Data provided Start Marker
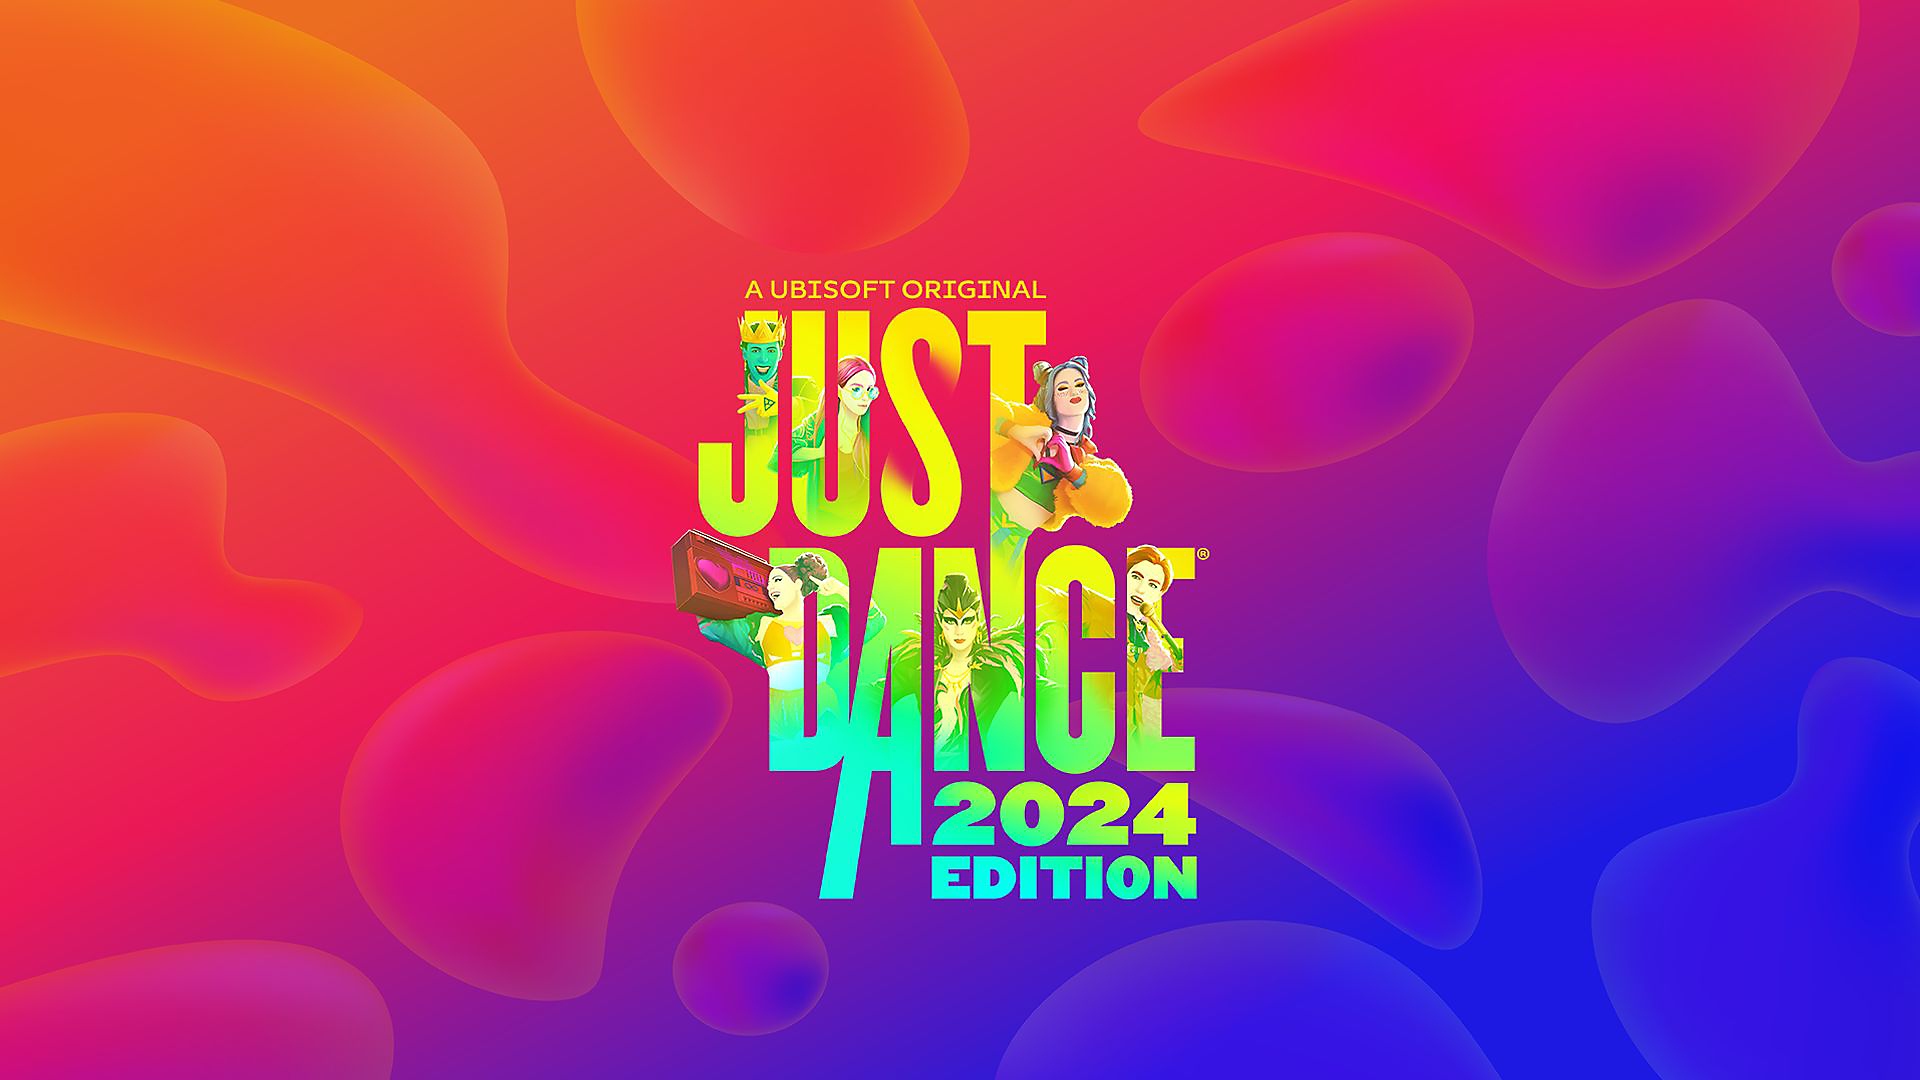 Just Dance 2024 Edition - العرض التشويقي لتجربة اللعب
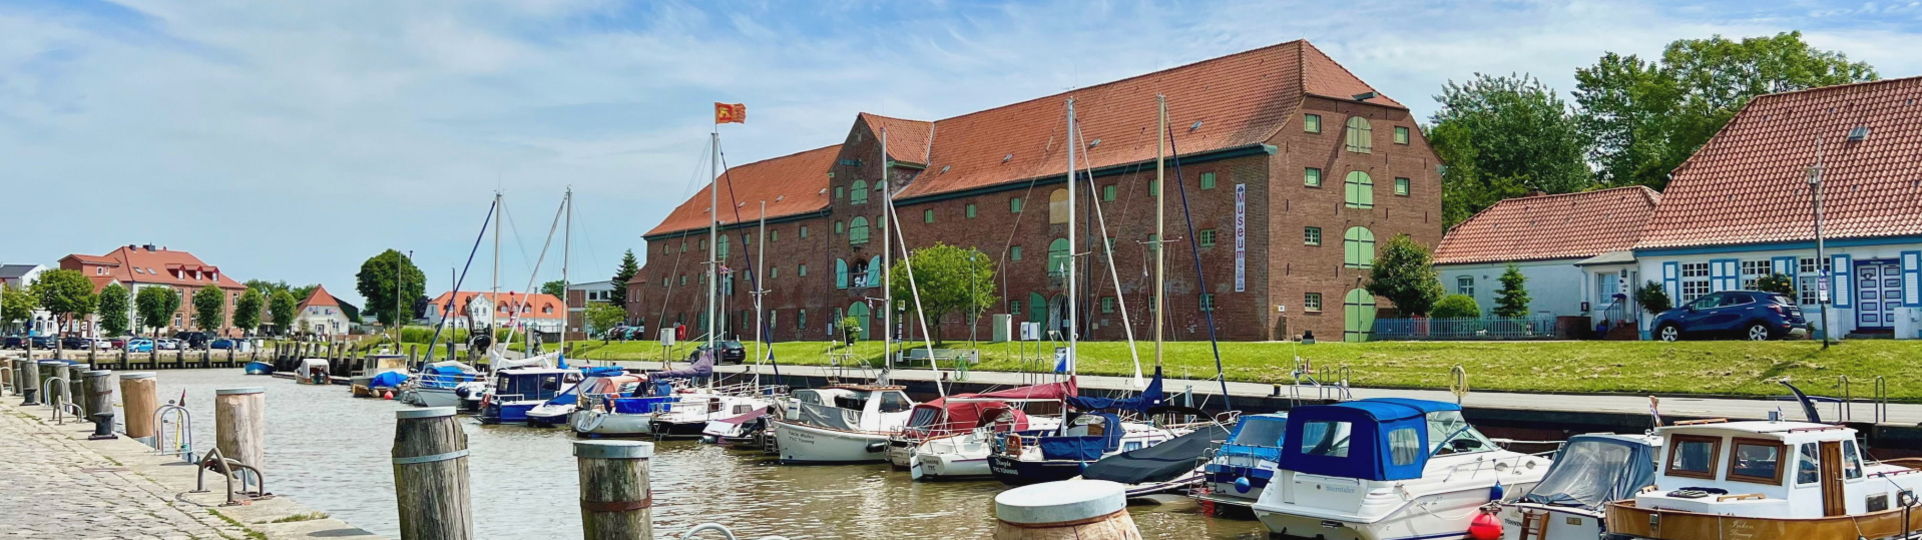 Packhaus und historischer Hafen
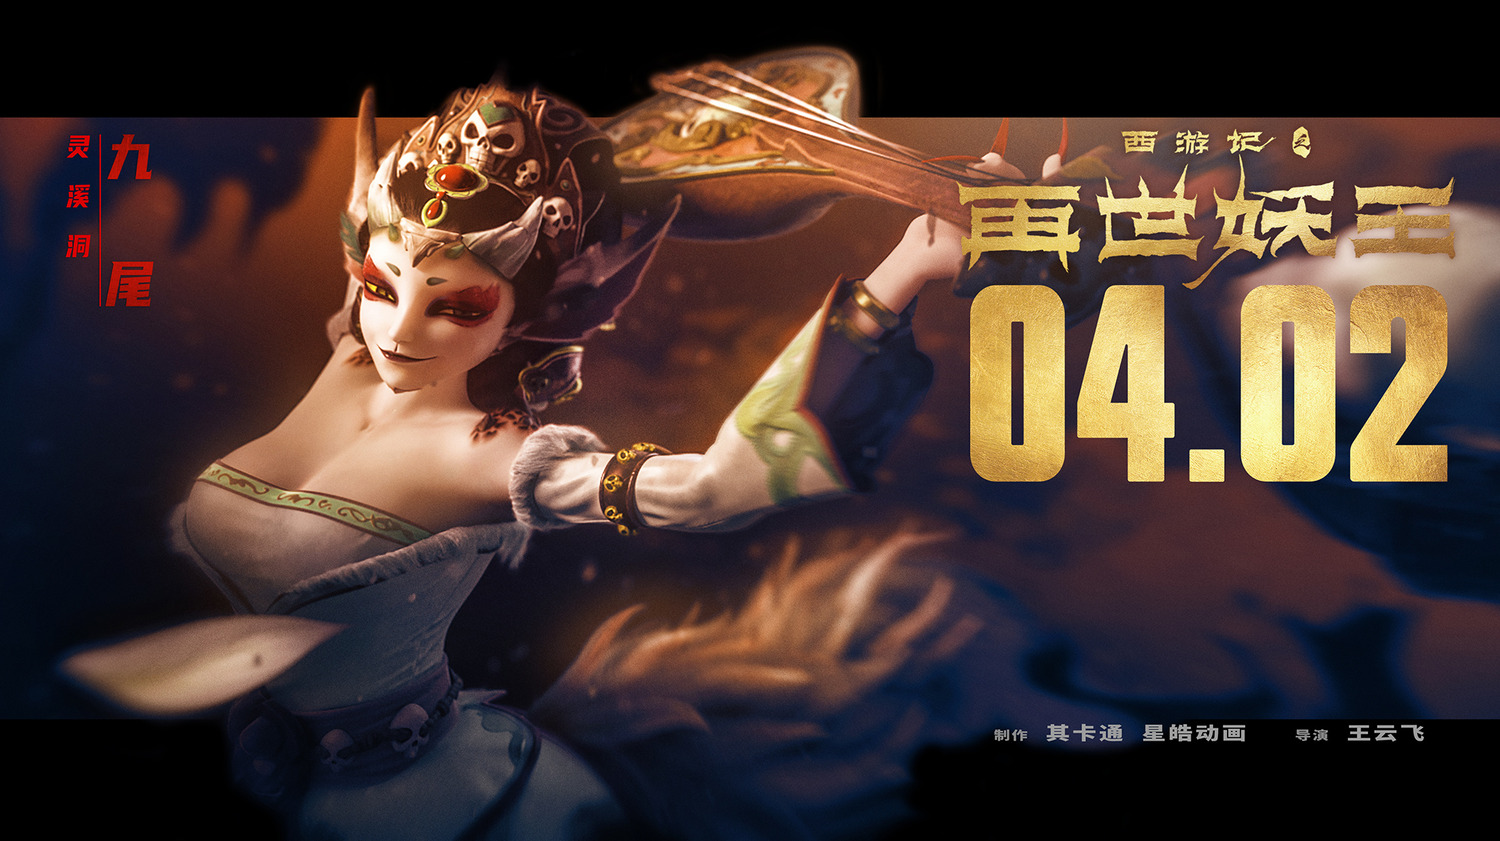 Extra Large Movie Poster Image for Xi You Ji Zhi Zai Shi Yao Wang (#8 of 21)
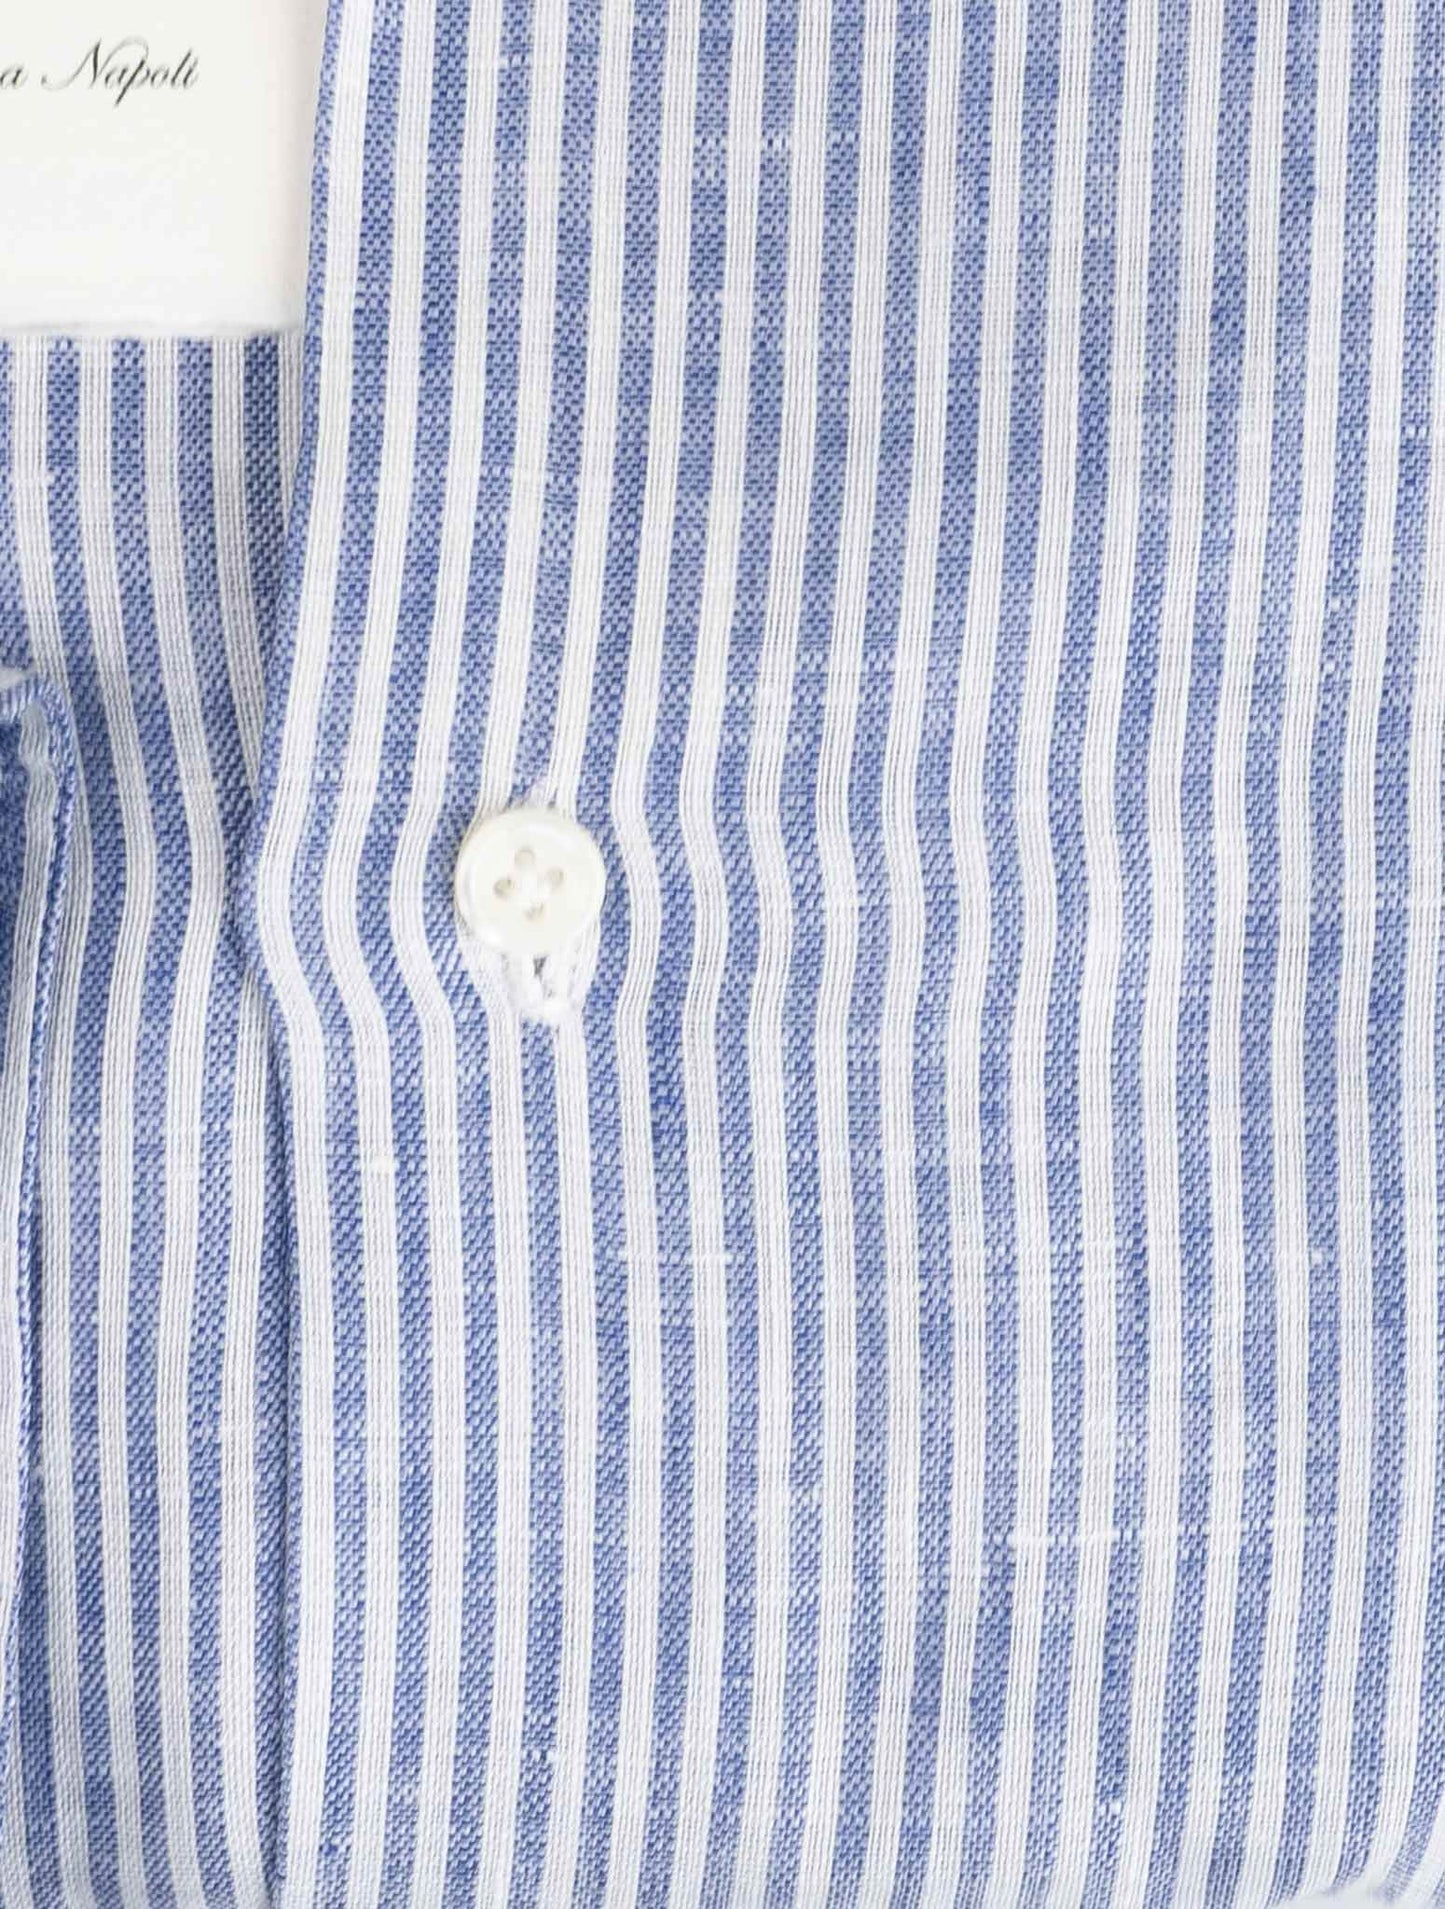 لويجي بورلي قميص من القطن الأبيض والأزرق الفاتح
Data provided End Marker
Prompt: I'd like the material repeated word for word, without the pictures it holds.

Output below:
 Just Dance 2024 Edition - العرض التشويقي لتجربة اللعب
 Packhaus und historischer Hafen
 Extra Large Movie Poster Image for Xi You Ji Zhi Zai Shi Yao Wang (#8 of 21)
 لويجي بورلي قميص من القطن الأبيض والأزرق الفاتح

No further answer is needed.